The questions are important because others,
across India, some in charge of the philanthropic activities of
companies, others in charge of the trusts and the foundations
created by companies to carry out philanthropic work, and still
others, wealthy individuals who would like to see their money
put to good use, are asking them too. And the questions are important
because they indicate the growing realisation that charity (broadly,
addressing symptoms) is as different from philanthropy (addressing
the underlying causes) as 20-20 cricket is from the five-day version
of the game. "There is no long term vision (in philanthropic
initiatives undertaken by companies or by individuals in India),"
says Pushpa Sunder, formerly Executive Director, Indian Centre
for Philanthropy. "There is lots of charity in India; little
philanthropy."
That this is changing is evident from the
way companies and business groups, such as the AV Birla Group
approach philanthropy today. "This centre is the apex body
for all our development projects," says Rajashree Birla,
Chairperson, Aditya Birla Centre for Community Initiatives and
Rural Development. "It sets strategies, and monitors and
ensures implementation and results." That sounds like serious
business. It is, for the 250 people who work for the centre.
THE GIVERS
Company/ Foundation/Trust/Others |
Thermax/ Direct
Corpus/Amount given away in 2005-06: N.A./1 per cent of
PAT (Rs 1.23 crore)
Focus area: Education, but not limited to that
Nicholas Piramal/ Gopikrishna
Piramal Trust and Diya Foundation (run by promoting family)/Direct
Corpus/Amount given away in 2005-06: N.A./Rs 1.2 crore
ICICI Bank/ ICICIcommunities, Social Initiatives
Group
Corpus/Amount given away in 2005-06: N.A.

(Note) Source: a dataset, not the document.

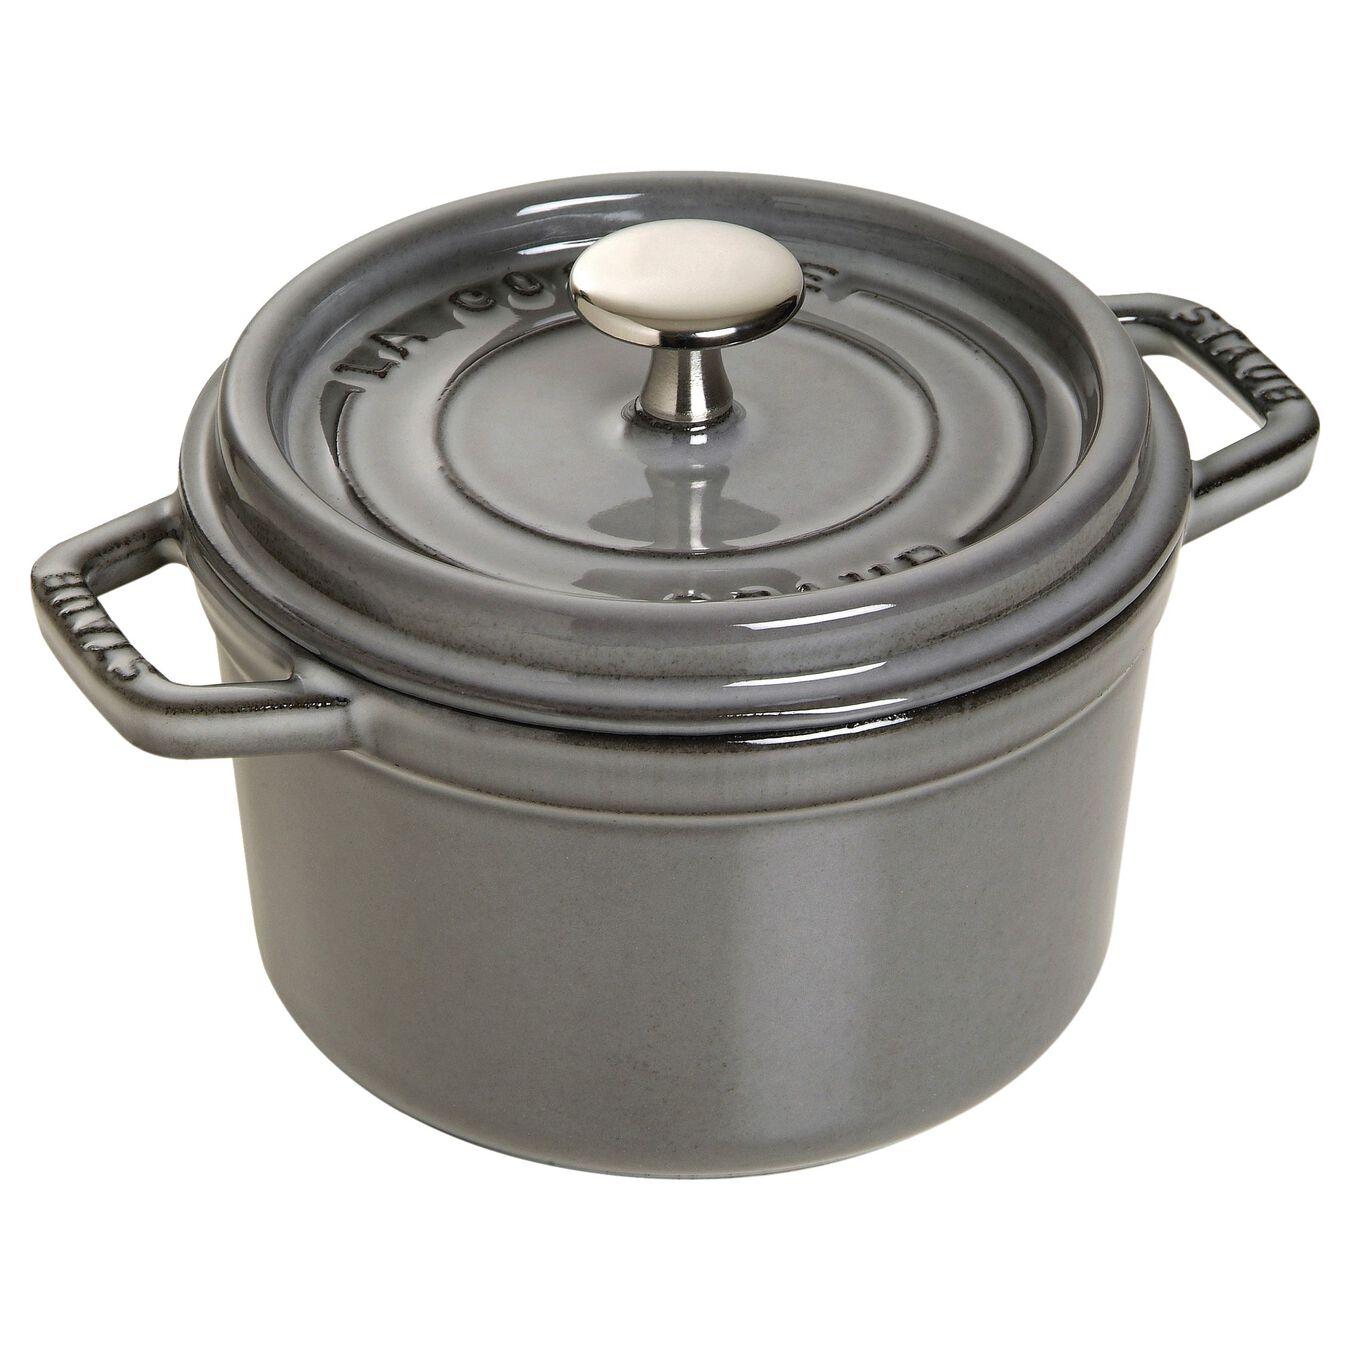 Cocotte rotonda - 14 cm, Colore grigio grafite,,large 1

Focus area: Elementary education and universal access
to financial services but not limited to that
Raymond/ Gram Vikas Yojana
(and several trusts run by the promoting family)
Corpus/Amount given away in 2005-06: N.A.

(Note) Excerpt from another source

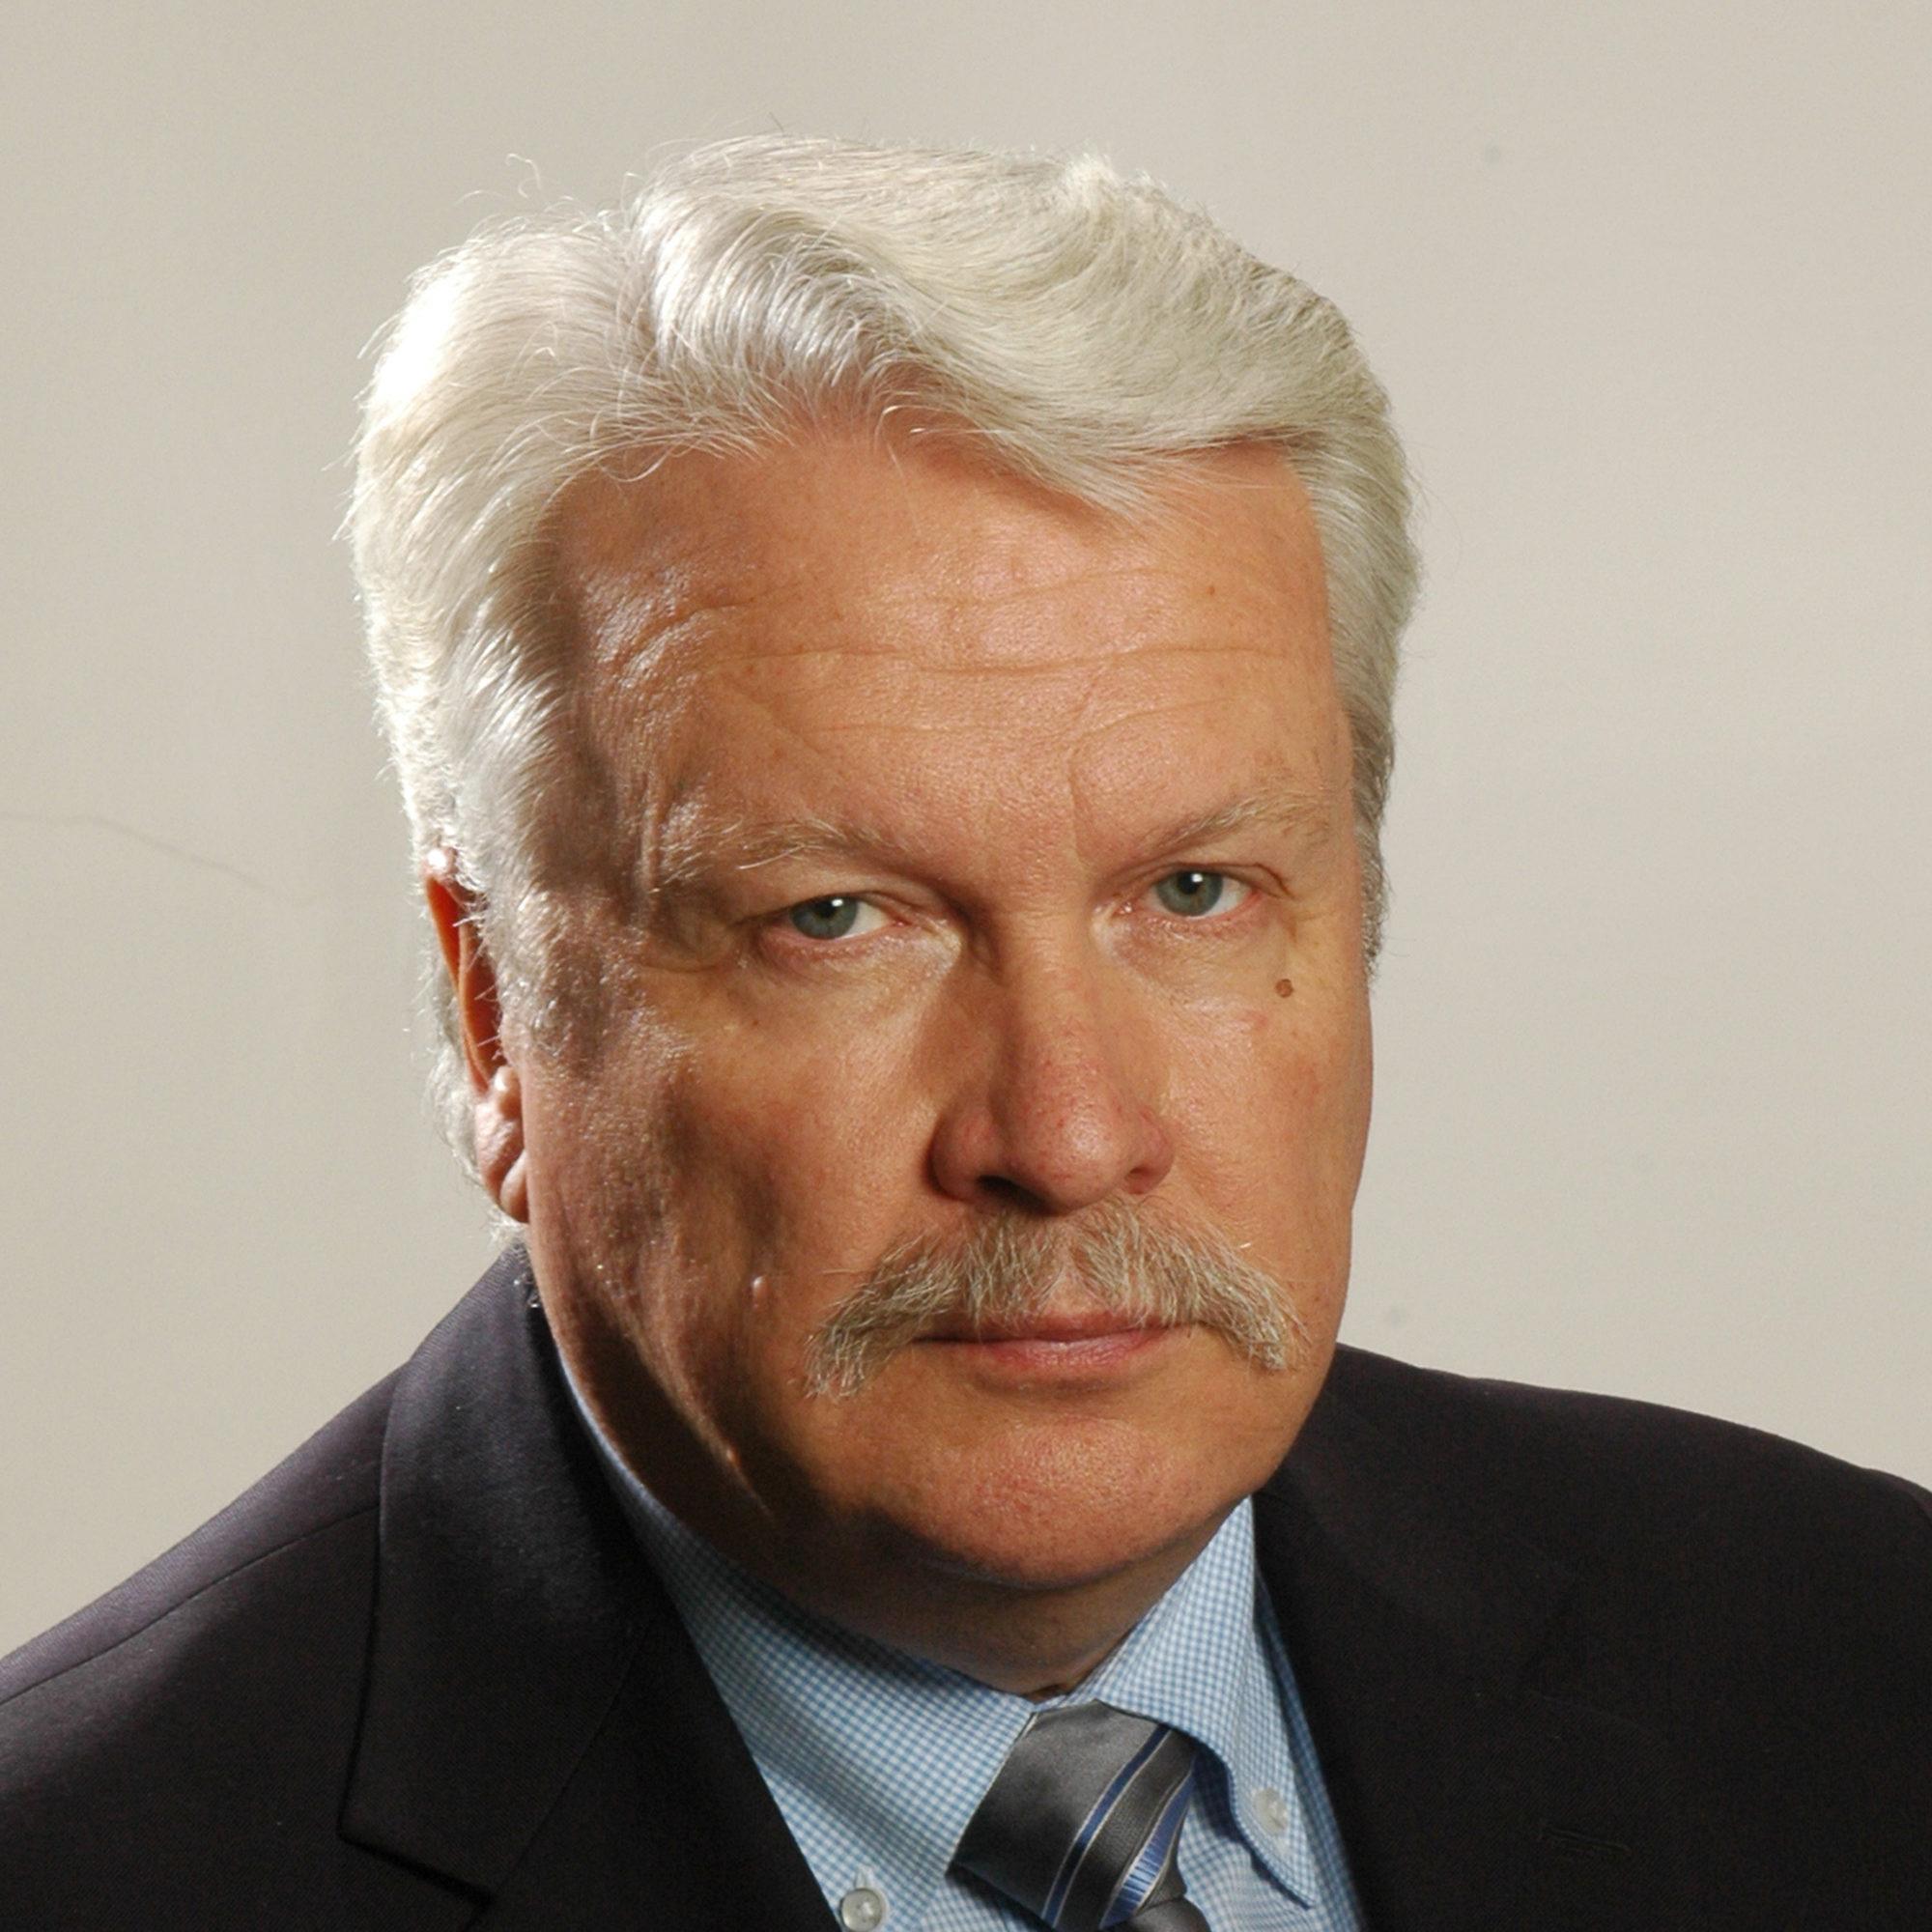 Mr. Jānis Duklavs

Focus area: Malnutrition and rehabilitation of street
children but not limited to that
AV Birla Group/ Aditya Birla
Centre for Community Initiatives and Rural Development
Corpus/Amount given away in 2005-06: Rs 90 crore
Focus area: Social and economic development of communities
Tata Group/ Sir Dorab Tata
Trust and other trusts/ Direct (by 40 major companies
in the group)
Corpus/Amount given away in 2005-06: N.A./Rs 590.22
crore
Focus area: From AIDS to ecology to community development
M&M/ KC Mahindra Trust/Direct
Corpus/Amount given away in 2005-06: Rs 19.24 crore
Focus area: Education and health
Dr Reddy's Labs/ Dr Reddy's
Foundation
Corpus/Amount given away in 2005-06: N.A.

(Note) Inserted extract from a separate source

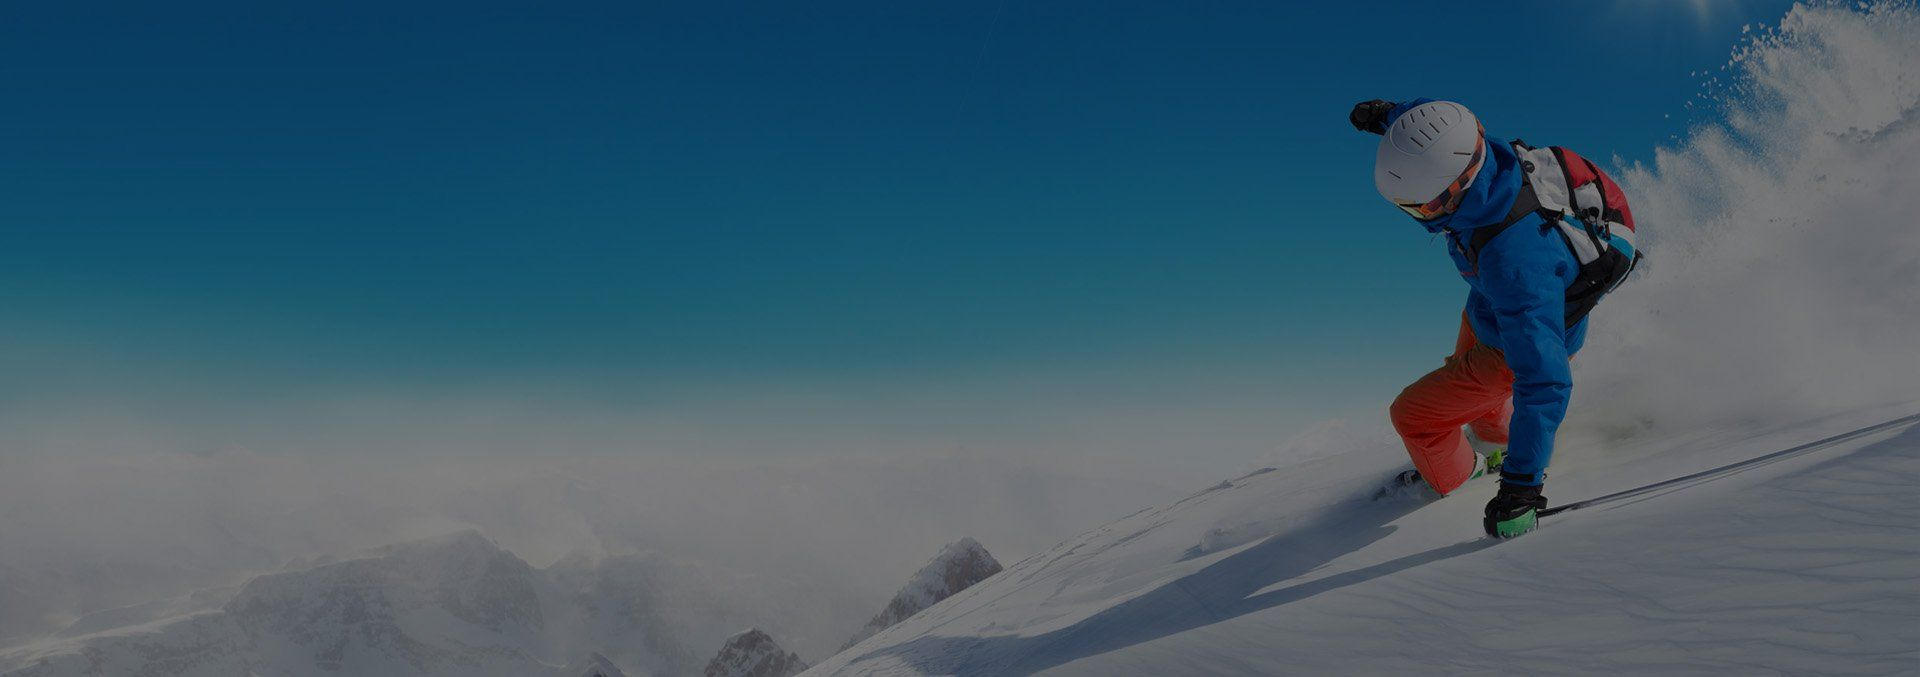 Sciatore che fa una curva in neve fresca

Focus area: Education, livelihood and community development
Bharti Enterprises/ Bharti
Foundation
Corpus/Amount given away in 2005-06: Rs 200 crore/N.A.
Focus area: Primary education in rural areas but
not limited to that
Infosys/ Infosys Foundation
Corpus/Amount given away in 2005-06: 1 per cent of PAT
(N.A.)/Rs 13.25 crore
Focus area: Healthcare, social upliftment, art &
culture, education
ITC/ Direct
Corpus/Amount given away in 2005-06: Rs 56 crore
in 2004-05
Focus area: Rural and agricultural development
Godrej Group/ Phirojsha Godrej
Foundation/Direct
Corpus/Amount given away in 2005-06: Rs 5-8 crore
Focus area: Environment and conservation but not
limited to these
HLL/ Direct
Corpus/Amount given away in 2005-06: Rs 24 crore in
2004
Focus area: Health, empowerment of women, education
of special children
This is a representative table and does
not claim to include details of significant philanthropic
spends by India Inc as a whole.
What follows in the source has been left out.